While the dong/US dollar exchange rate has temporarily stabilized, there is potential for strain in the domestic market if the Fed continues to hold interest rates at elevated levels for an extended period.

Globally, the US dollar is strengthening as investors anticipate that the Fed will not cut interest rates soon. The US dollar index (DXY) reached 104.29 points as of February 16, reflecting a 0.24% increase over the previous month. In Vietnam’s domestic market, the State Bank of Vietnam’s central rate of the dong against the US dollar was 23,971 dong on February 16. However, the average US dollar price on the unofficial market has exceeded 25,000 dong for the first time since October 2022.

Ngo Dang Khoa, Director of HSBC Vietnam’s forex, capital markets, and securities services division, predicts increasing pressure on the dong/US dollar exchange rate in the first quarter of 2024. Factors contributing to this pressure include positive signals from the US labor market and economy, which have reduced expectations of the Fed lowering policy interest rates in the near term. The geopolitical instability, particularly the Red Sea conflict, has also led to the appreciation of the US dollar as investors seek it as a haven.

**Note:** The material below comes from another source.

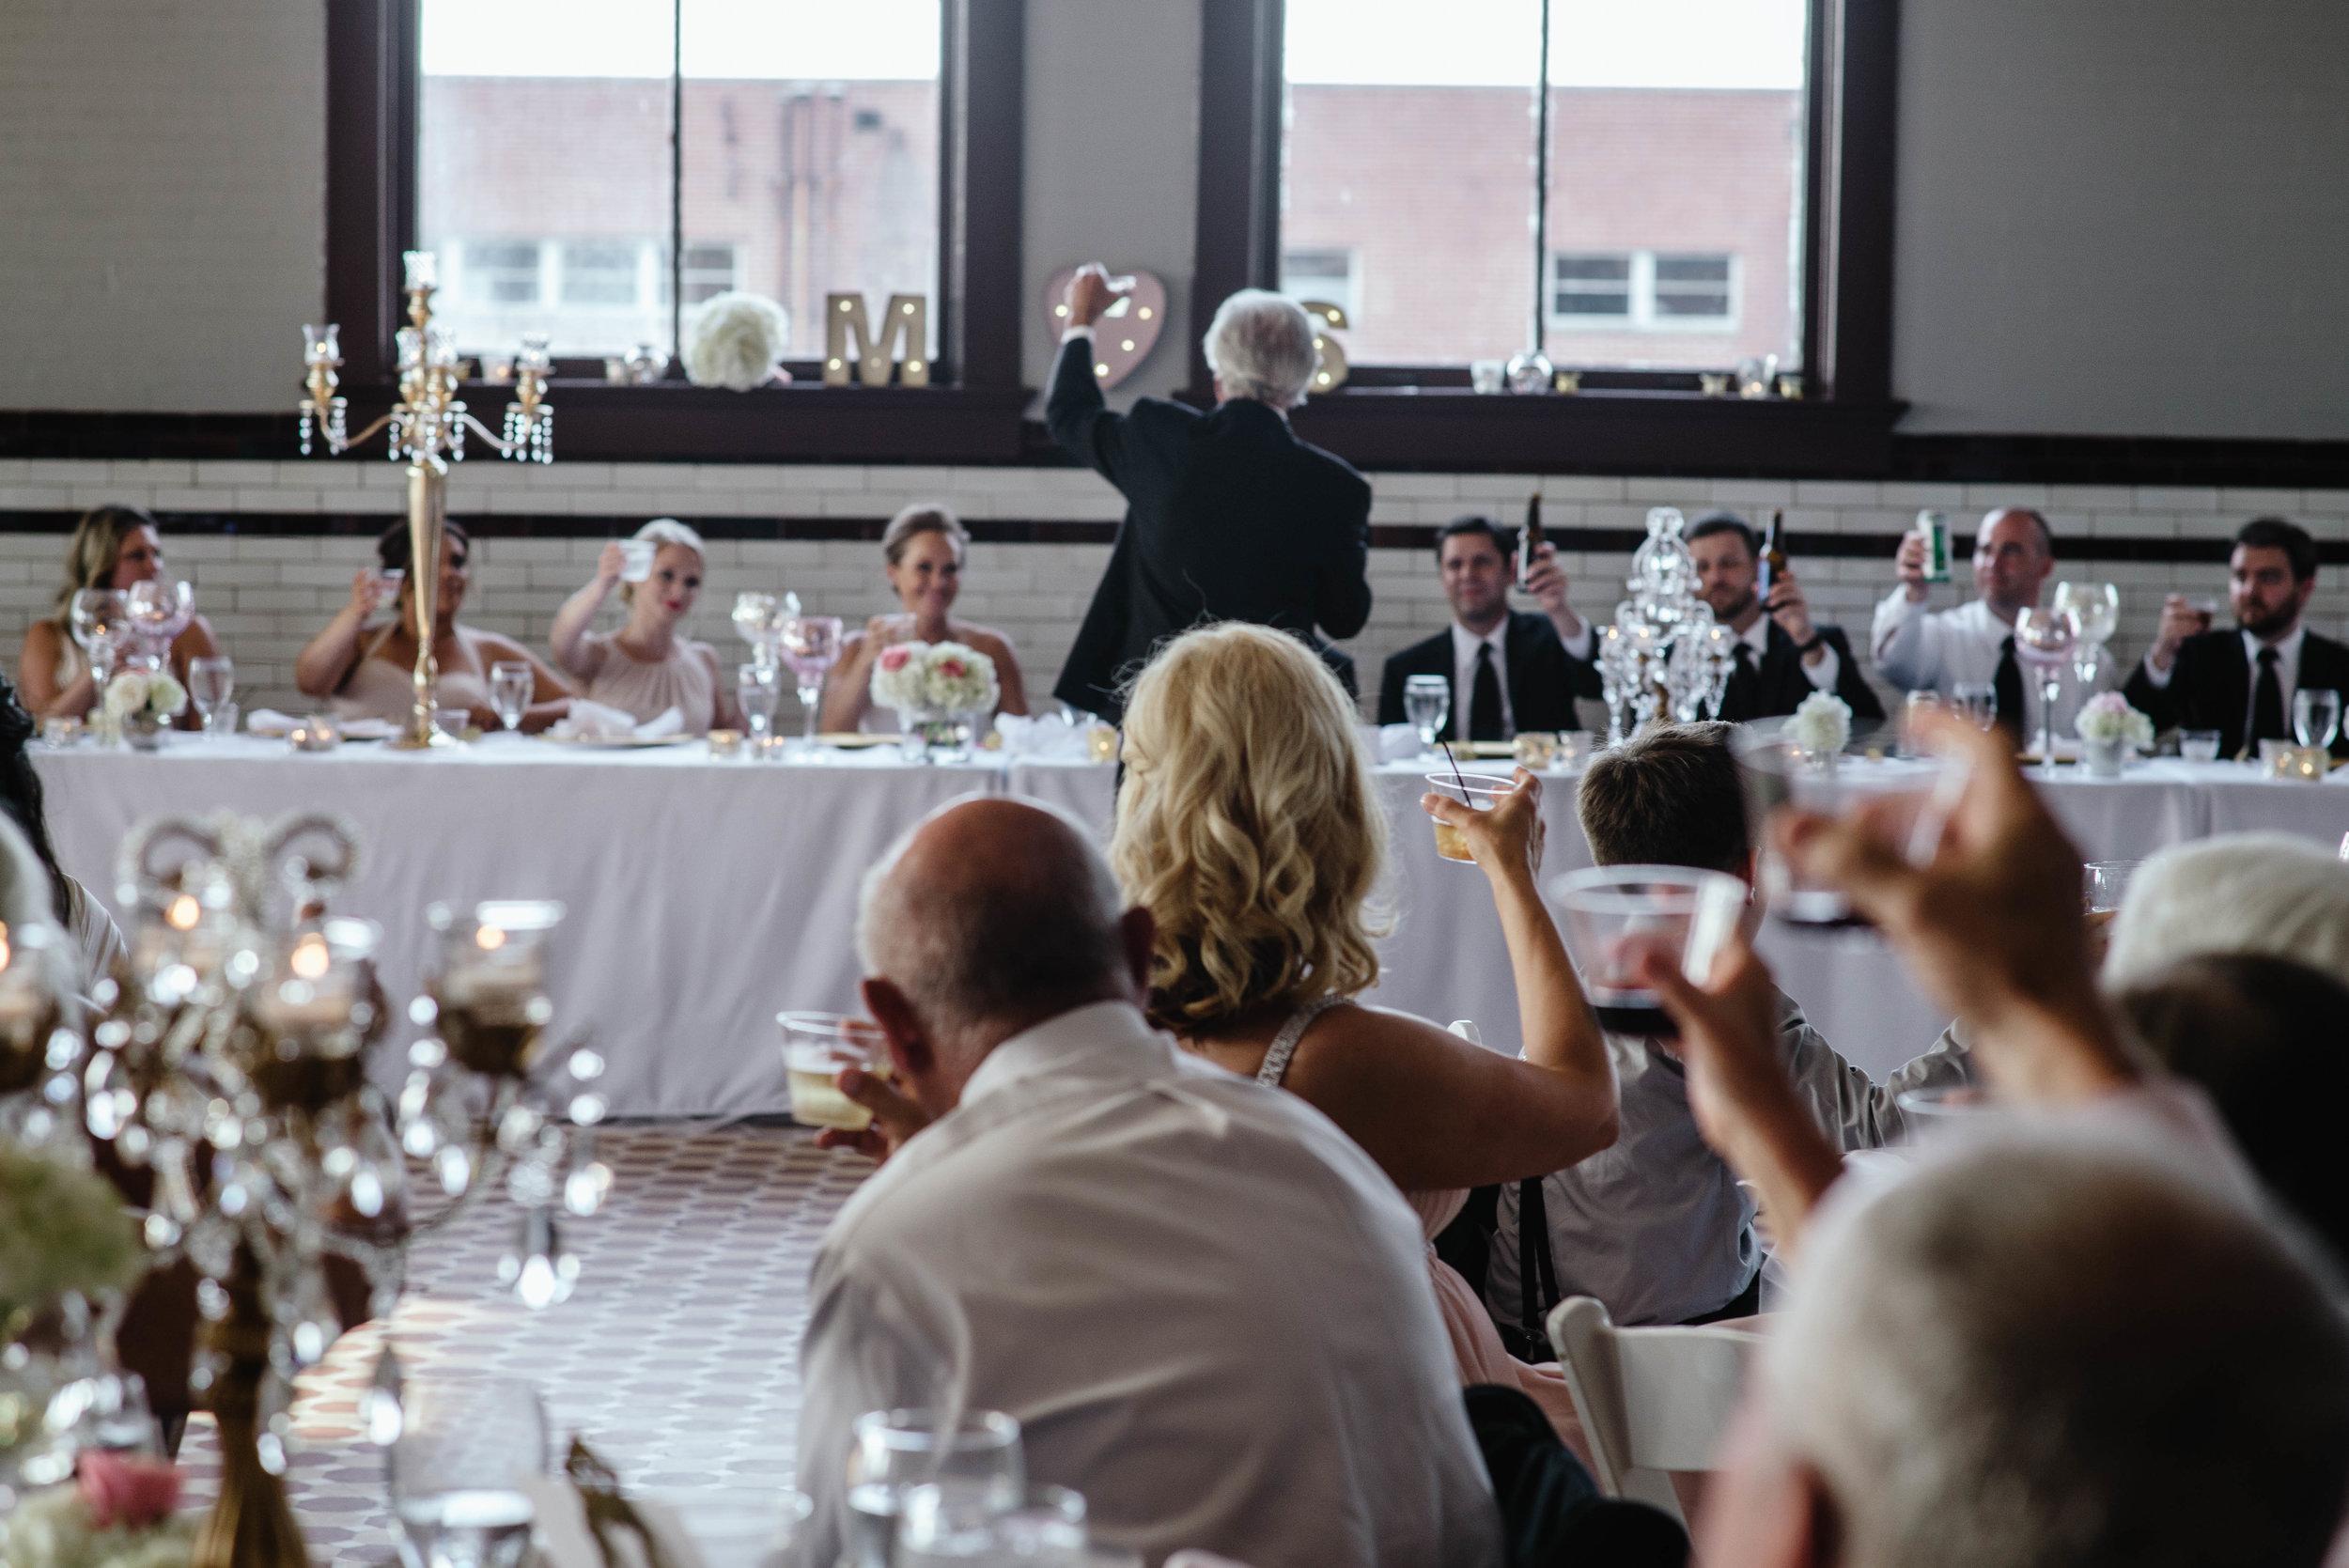 Mina-Steve-Blog-Indianapolis-Wedding-138.jpg

The dong/US dollar exchange rate may continue to rise in the first half of 2024 due to the high-interest rate gap between the US dollar and the dong. However, the pressure on the exchange rate may ease once the US dollar peaks and the Fed adjusts interest rates.

Geopolitical instability, such as the Red Sea conflict, has negative effects on the world economy, leading to increased production costs, prices, and inflation. In response to rising inflation, monetary policy may be slower to normalize.

Despite these challenges, Vietnam can proactively manage the dong/US dollar exchange rate due to its advantages of a large trade surplus and positive foreign direct investment disbursement. These factors provide Vietnam with resilience in managing its exchange rate amidst global uncertainties.